Sergio Vélez [email protected]
Sin una fuerza policial lo más probable es que impere la anarquía. Pero, incluso con Policía ¿vive Nicaragua en seguridad? En la mayoría de las ciudades, así como en muchas zonas rurales, se respira una sensación de inseguridad. ¿Se puede esperar que la Policía proteja a los ciudadanos del crimen organizado y de los delincuentes comunes? ¿Harán que la seguridad reine en las calles? ¿Ganarán la batalla contra la delincuencia? “La Policía no evita los delitos. En realidad, la Policía es como una curita con la que se pretendiera curar el cáncer. No se puede confiar en que las fuerzas del orden, aunque se esfuercen por combatir la delincuencia, libren de ella a la sociedad”. Los estudios realizados muestran que las tres actividades principales de la Policía —patrullar las calles, acudir a los avisos de emergencias e investigar los delitos— no detienen la criminalidad. ¿Por qué no?
Combatir la delincuencia a fuerza de incrementar la presencia policial resulta imposible desde el punto de vista económico. Además, aunque pueda costearse, a los delincuentes no parece disuadirles ni el aumento de las patrullas policiales ni su rápida reacción. Según la Policía, si no llegan al lugar del delito en un determinado tiempo, es poco probable que atrapen a los culpables. Y da la impresión de que los maleantes saben que tal rapidez es infrecuente. La investigación criminal tampoco ayuda, pues la delincuencia no se detiene ni cuando los detectives consiguen que se encarcele a los infractores. Nicaragua es el país en Centroamérica con uno de los índices más alto en presos. Pero aún así posee un índice elevado de delitos. Ni siquiera los programas alternativos como la vigilancia de vecindarios han producido un efecto duradero, sobre todo en zonas de gran criminalidad. Las medidas drásticas contra ciertos delitos, como el tráfico de drogas o los atracos, han sido muy eficaces durante un tiempo, pero cuesta lograr resultados permanente. “La impotencia policial no debería sorprender a nadie que piense con detenimiento en el asunto. Todo el mundo entiende que la tasa de criminalidad depende de condiciones sociales ajenas al control de la Policía y al sistema judicial en conjunto.
Hay que reconocer que la labor policial mejora las condiciones sociales. Cuando desaparecen las drogas y la violencia de las calles, la gente tiende a vivir en armonía con la nueva imagen de la comunidad. Pero, en realidad, reformar la sociedad no está al alcance de los cuerpos de policía.
Sin importar dónde viva cada quien, la maldad se esconde bajo una fachada de civismo. Así pues, se necesita la protección de la Policía. Es cierto que se ha sabido de agentes acusados de brutalidad, corrupción, pasividad, y abuso de poder, incidentes cuya gravedad varía de un país a otro, pero ¿qué hacer si no hubiera Policía? ¿Acaso no es cierto que, por lo general, las fuerzas del orden prestan valiosos servicios?

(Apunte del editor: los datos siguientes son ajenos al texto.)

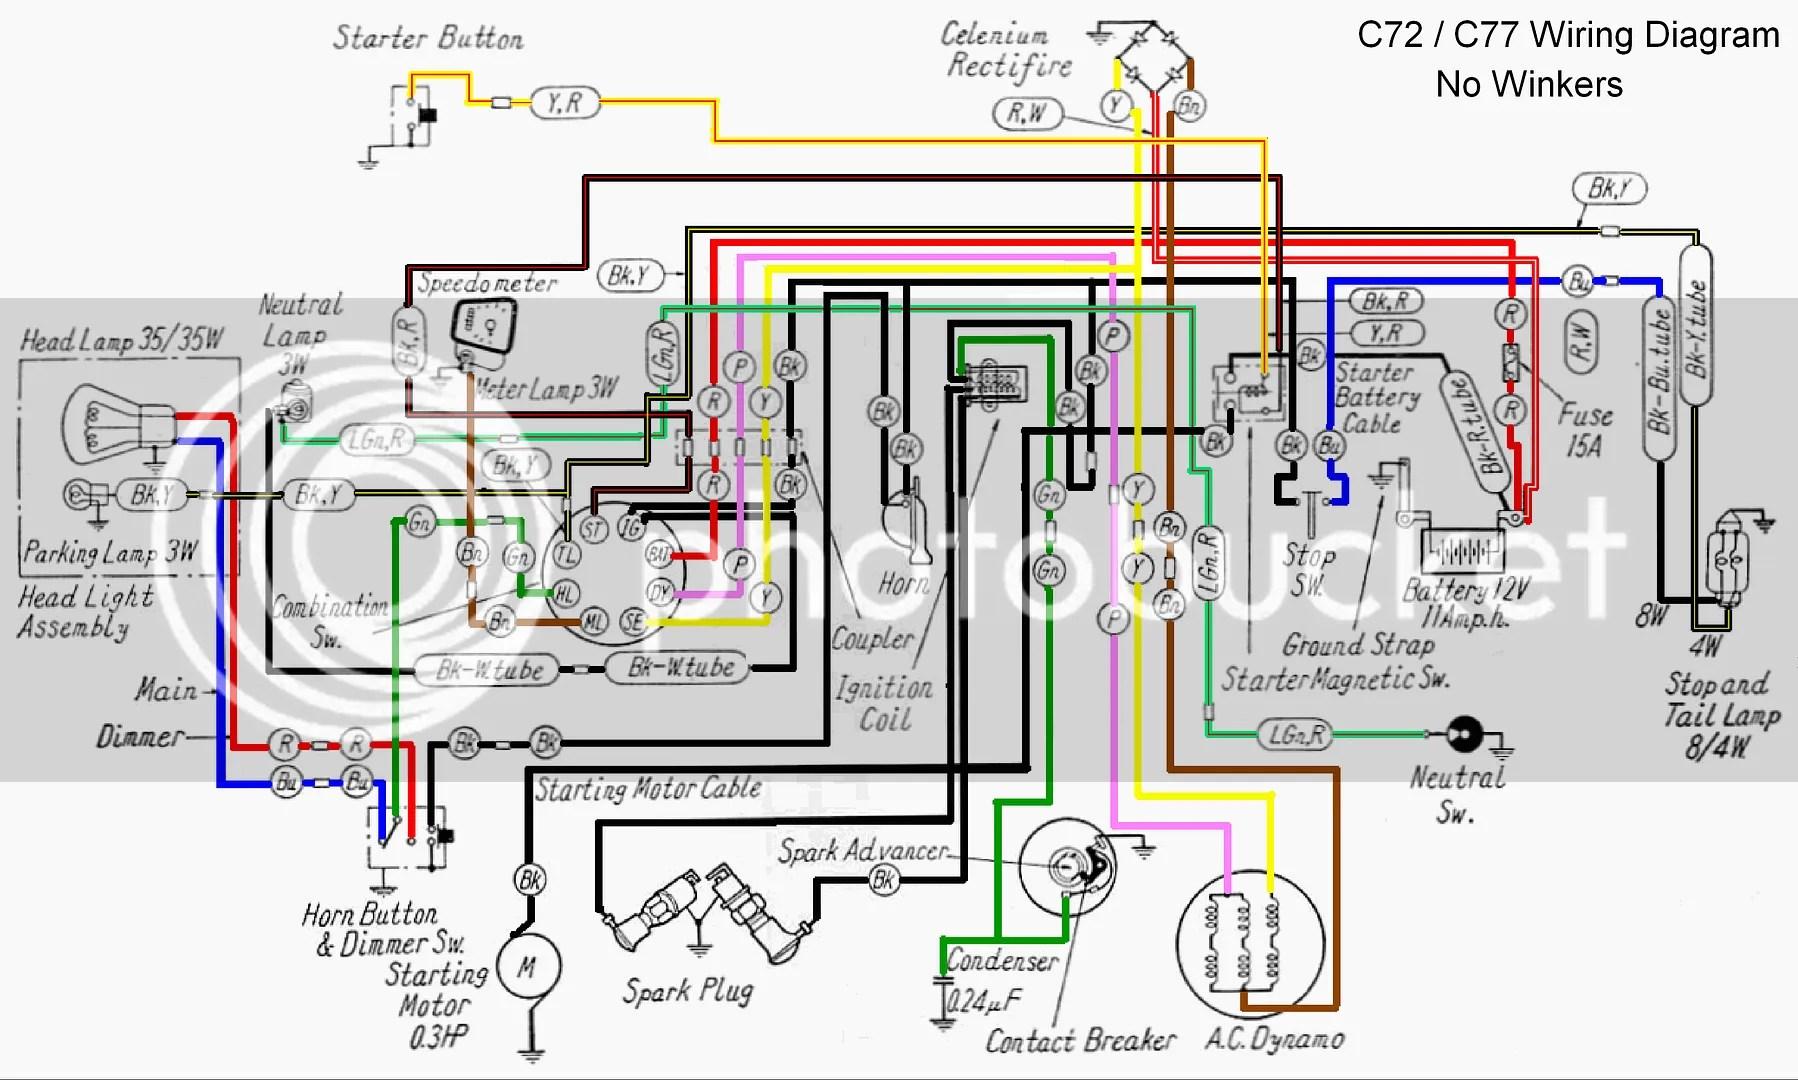 hight resolution of vacuum line diagram ford truck club forum caroldoey wiring diagram dat how to wire dayton barrel

El temor a la corrupción policial, a veces sentirse protegido por la Policía parece una ingenuidad, sobre todo cuando se hacen públicos casos de corrupción policial, me decía un amigo ¿qué vamos a esperar si un policía gana menos de C$700.00 al mes?, si le ofrecen un soborno ¿qué va hacer?
¿Qué magnitud alcanza la corrupción? La respuesta depende de quien conteste. Aunque la Policía brinda un servicio muy valioso, dista mucho de ser ideal.
¿Puede esperarse algo mejor?, cuando la Policía no escatima esfuerzos en su labor, se producen resultados sorprendentes, ¿cómo sería si se le asignara una mejor partida presupuestaria?, seguro estoy que la población será la ganadora.
Tal vez los culpemos de “flojera” como imperio que reacciona muy mal ante la inconsistencia de sus aliados y protegidos. Pero los Estados Unidos de Norteamérica nos han ayudado económicamente a través de nuestra historia como ningún otro país lo ha hecho.
Respecto al resentimiento que hay en algunos países hacia EE.UU. y que ha desatado hechos de violencia como los del 11 de septiembre del 2001, Jimmy Carter subrayó: “Hay una sensación de que EE.UU. se volvió demasiado arrogante, demasiado dominante, demasiado egocéntrico, orgullosos de nuestra opulencia, que creemos que merecemos ser la nación más rica, poderosa e influyente del mundo”.
Que pecado mortal el de los EE.UU. que por ser rico y los envidian y por ser fuertes y les molesta, es el único país del planeta que su afán es ayudar a todos los pueblos del mundo, sin distingos de ninguna clase, no son enemigos de la humanidad señor Carter.
El autor es especialista en tributación.